Он не сказал «сынок», вот что меня добило. Он не сказал «прости меня». У него не дрожал голос. И именно эта его сдержанность, ровная, как у врача в платной клинике, била сильнее всего. Потому что слёзы и «сыночка» я бы переварил без проблем — я этих историй в такси наслушался на три тома. А когда мужик за шестьдесят на том конце говорит спокойно, без всхлипа, как будто протокол читает — это, понимаете, не сценарий. Это либо очень хорошая школа, либо просто-таки правда. И я не знал, какой из двух вариантов мне сейчас страшнее.

— Геннадий Дмитриевич. Я сейчас договорю и положу трубку, чтобы вы не чувствовали никакого давления, ни малейшего. Мне от вас ничего не нужно. Денег, помощи, признания — ничего. У меня нет других детей, не сложилось, так бывает. У меня вообще никого нет в близком кругу, кроме сестры в Воронеже, Тамары, ей пятьдесят восемь и она, в принципе, не в курсе этого разговора. Я не претендую ни на что и ни на кого. ДНК-тест — за мой счёт, любая лаборатория на ваш выбор, в Москве, в Питере, в Серпухове даже, где скажете, я приеду и сдам. Если результат отрицательный — я извинюсь и больше вас не побеспокою, ни звонком, ни сообщением. Если положительный — дальше как вы сами решите. Хоть никак. Я готов и к «никак», вы поймите.

Я молчал. Пятнадцать секунд молчал. Двадцать. Я даже отсчитывал в голове, потому что больше отсчитывать было, в общем-то, нечего.

Романов не подгонял. Не дышал в трубку показательно, не говорил «алло, вы там?», не покашливал. Просто ждал, ровно, как ждут люди, у которых за плечами длинная-длинная очередь к чему-то важному, и они уже знают по опыту — лишний раз дёрнешься, скажешь не то, и тебя из этой очереди вежливо попросят в самый конец. А то и вообще выгонят.

И вот тут изнутри тела Гены поднялось чужое. Не моё, и не Максово даже — Генино, его собственное, спрятанное где-то под рёбрами с самого детства. Шестилетнее. Кухня в той маленькой квартире, где они с матерью жили до Серпухова, в Алексине, на улице Ленина, кажется, дом девятнадцать, второй этаж. Стол, клеёнка не в синюю клетку, как у бабушки, а в жёлтую, в мелкий такой ромбик. Мама режет лук, отвернувшись к окну, чтобы не видно было слёз — ну, лук же, чего тут такого. И мальчишка в синих колготках с вытянутыми коленками, с машинкой в руке (по-моему, «москвичок» жестяной, советский ещё), у её ноги.

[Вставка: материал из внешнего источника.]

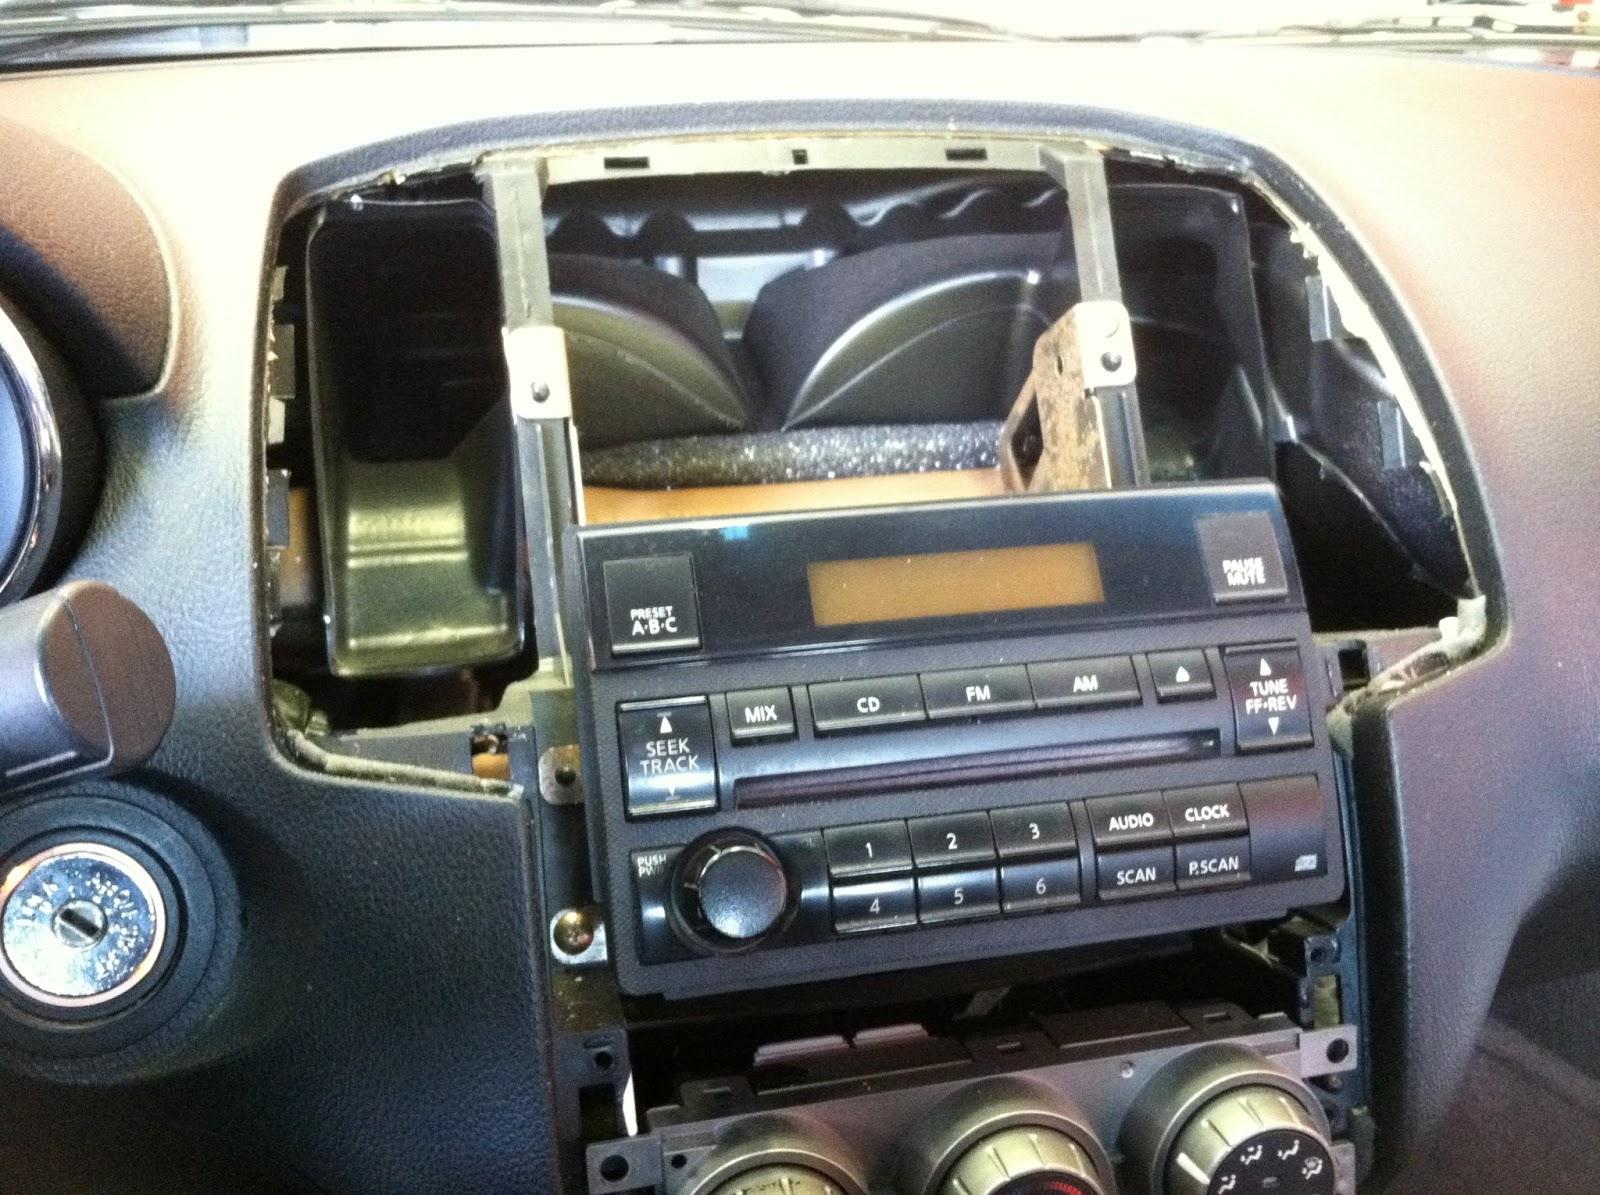 2008 Nissan Maxima Radio Wiring Diagram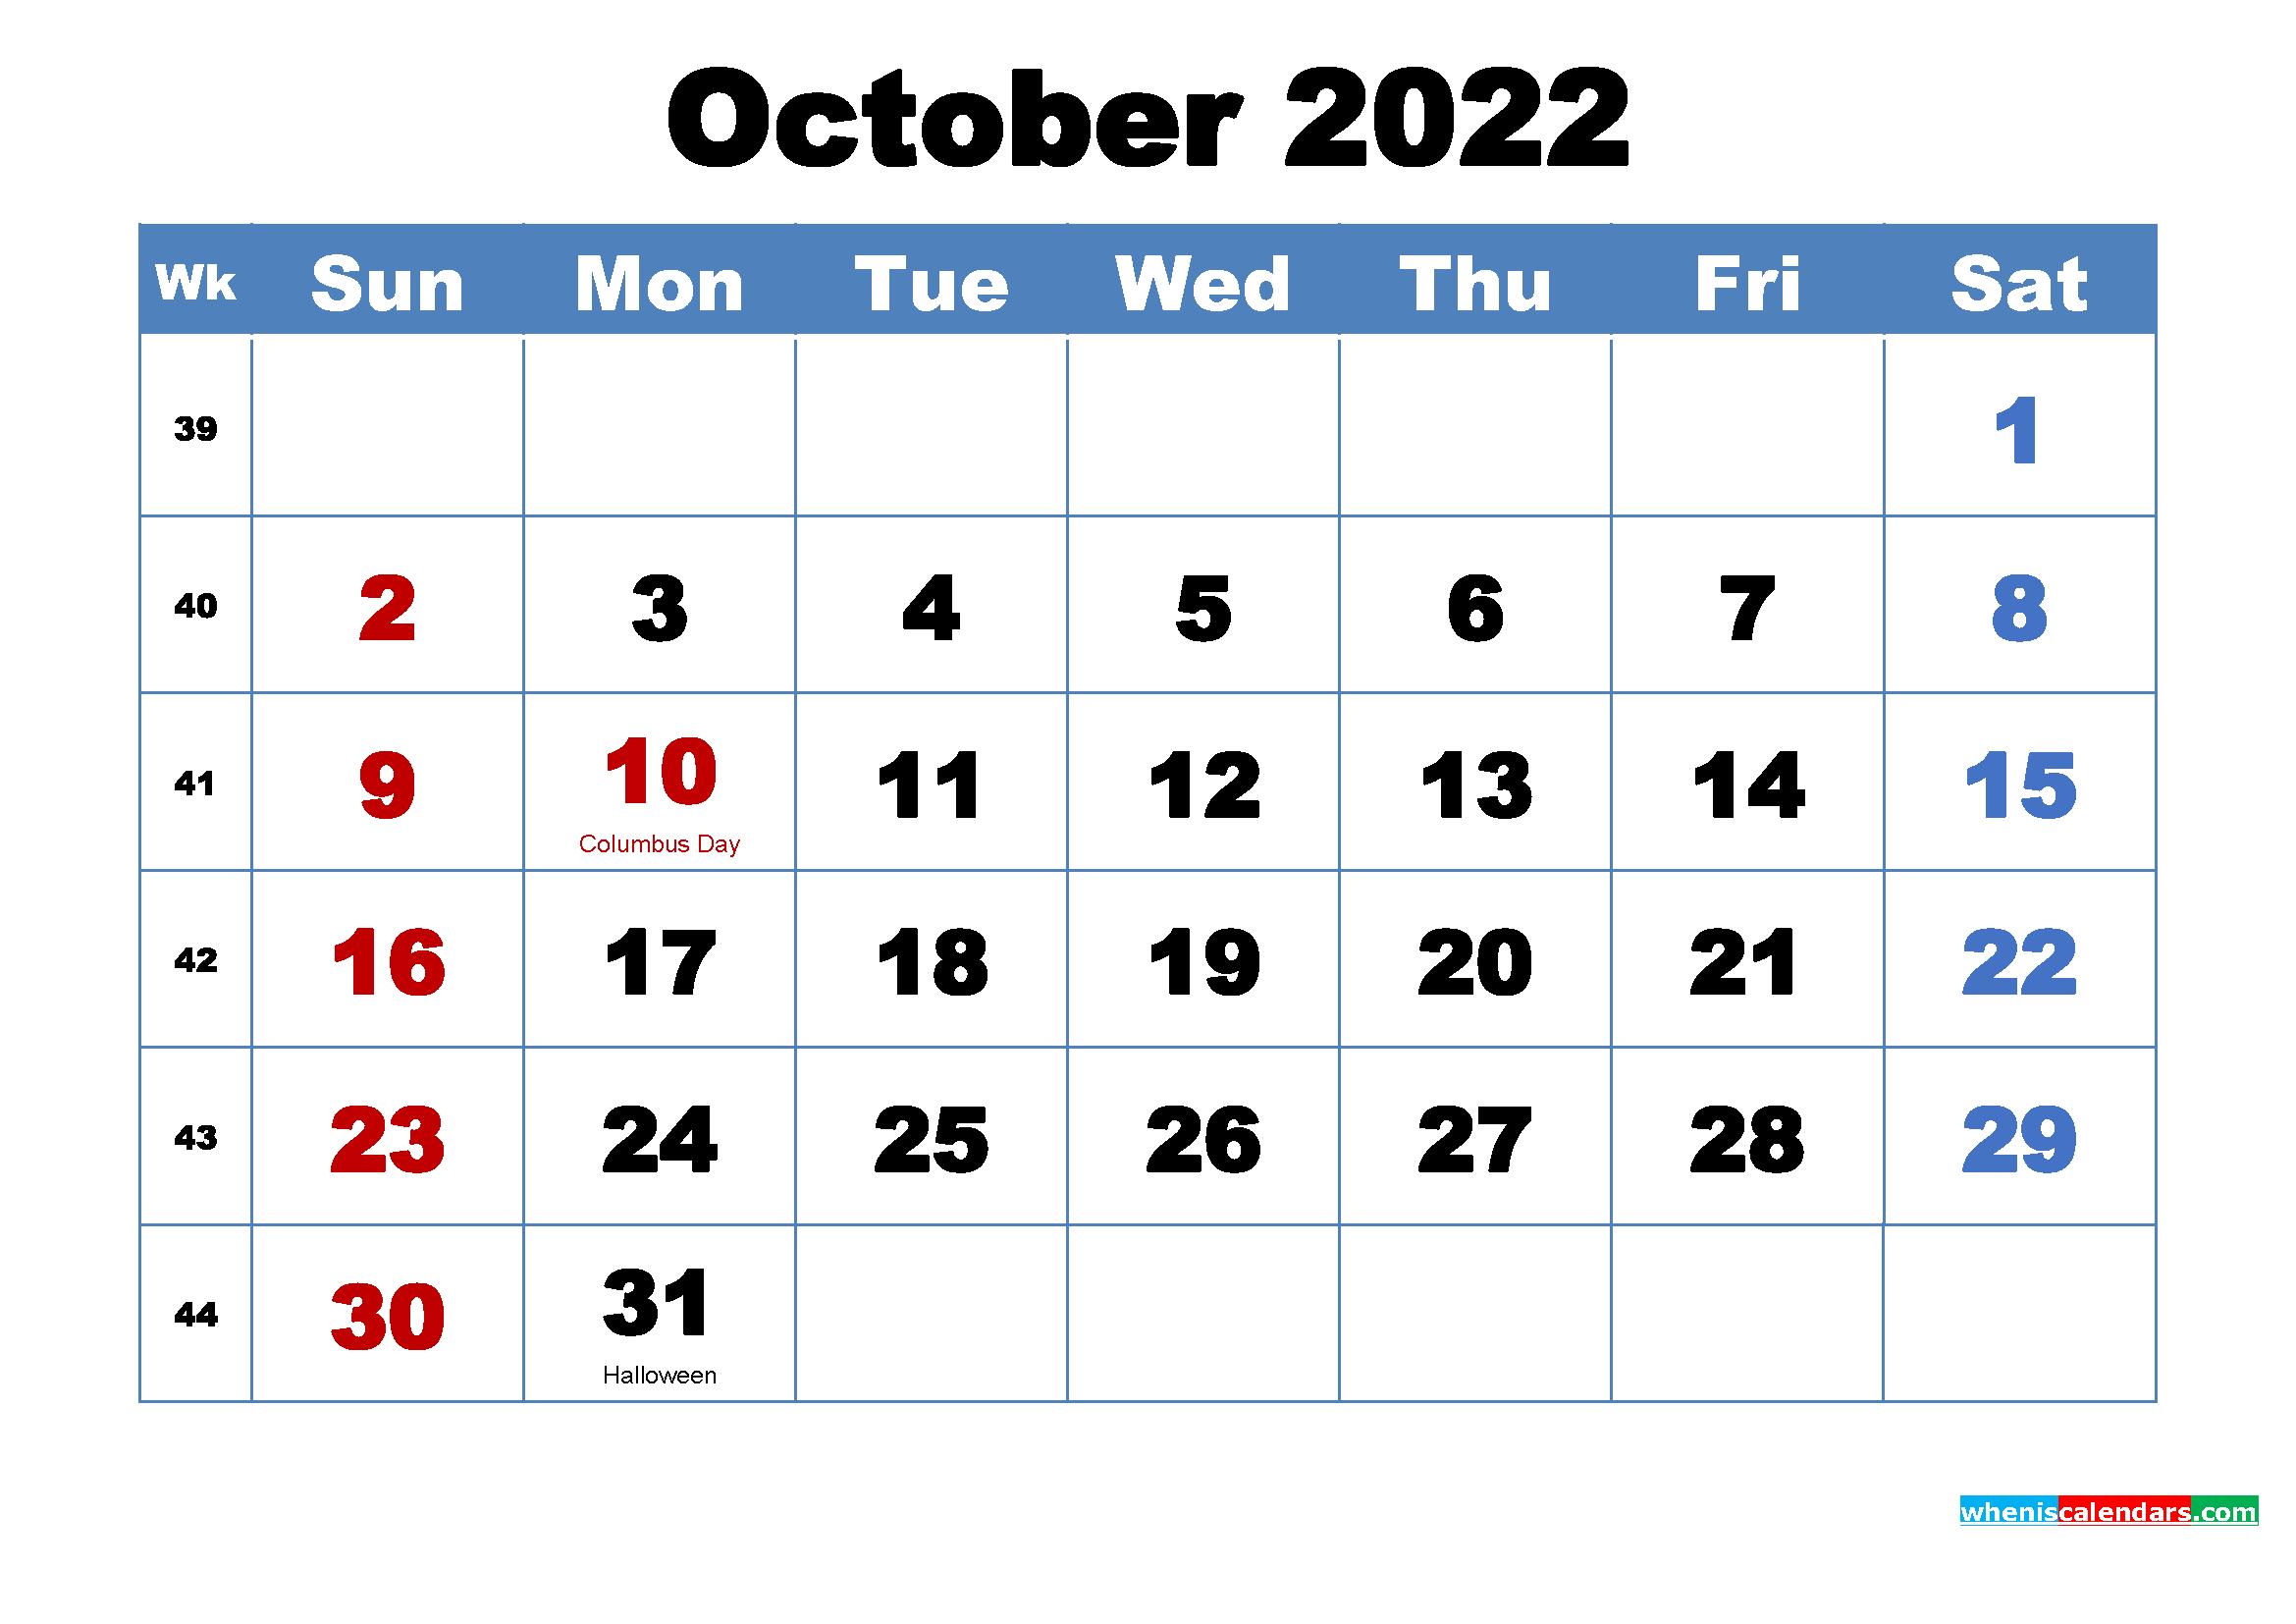 October 2022 Desktop Calendar Free Download

— Мам. А папа когда приедет?

Я даже звук этого голоса услышал. Тонкий, без обиды, без капризов, без претензий — просто вопрос, ровно как «мам, а суп когда» или «мам, а гулять когда». Что мама ответила, я не помнил, хоть убей. Может, и не отвечала вовсе. Может, отрезала ещё кусок лука и пустила воду из крана погромче. Память Гены тут обрывалась, как старая магнитофонная плёнка на стыке.

Я открыл рот. Закрыл. Воздух вышел не туда, попал куда-то не в то горло, я кашлянул в кулак, как в детстве, когда подавишься компотом за обедом.

— Я перезвоню.

Сказал — и нажал на отбой раньше, чем услышал ответ. Не потому что хотел грубо, господи, нет. Потому что если бы он сейчас ответил «хорошо, жду» или, не дай бог, «спасибо вам», я бы тут и остался сидеть с этим телефоном до самого обеда, или даже до вечера.

Опустил руку с телефоном на бедро, на джинсу, и долго смотрел в лобовое. На стекле снаружи был след от какой-то птицы, наверное голубя — я с утра не заметил, а сейчас вот разглядывал его так, словно в нём весь смысл. На экране горело: «+7 (495)…. (Москва), входящий, 07:42». Семь минут сорок две секунды, за которые утро перестало быть утром и стало чем-то отдельным, со своей собственной датой, с собственным флажком в календаре жизни.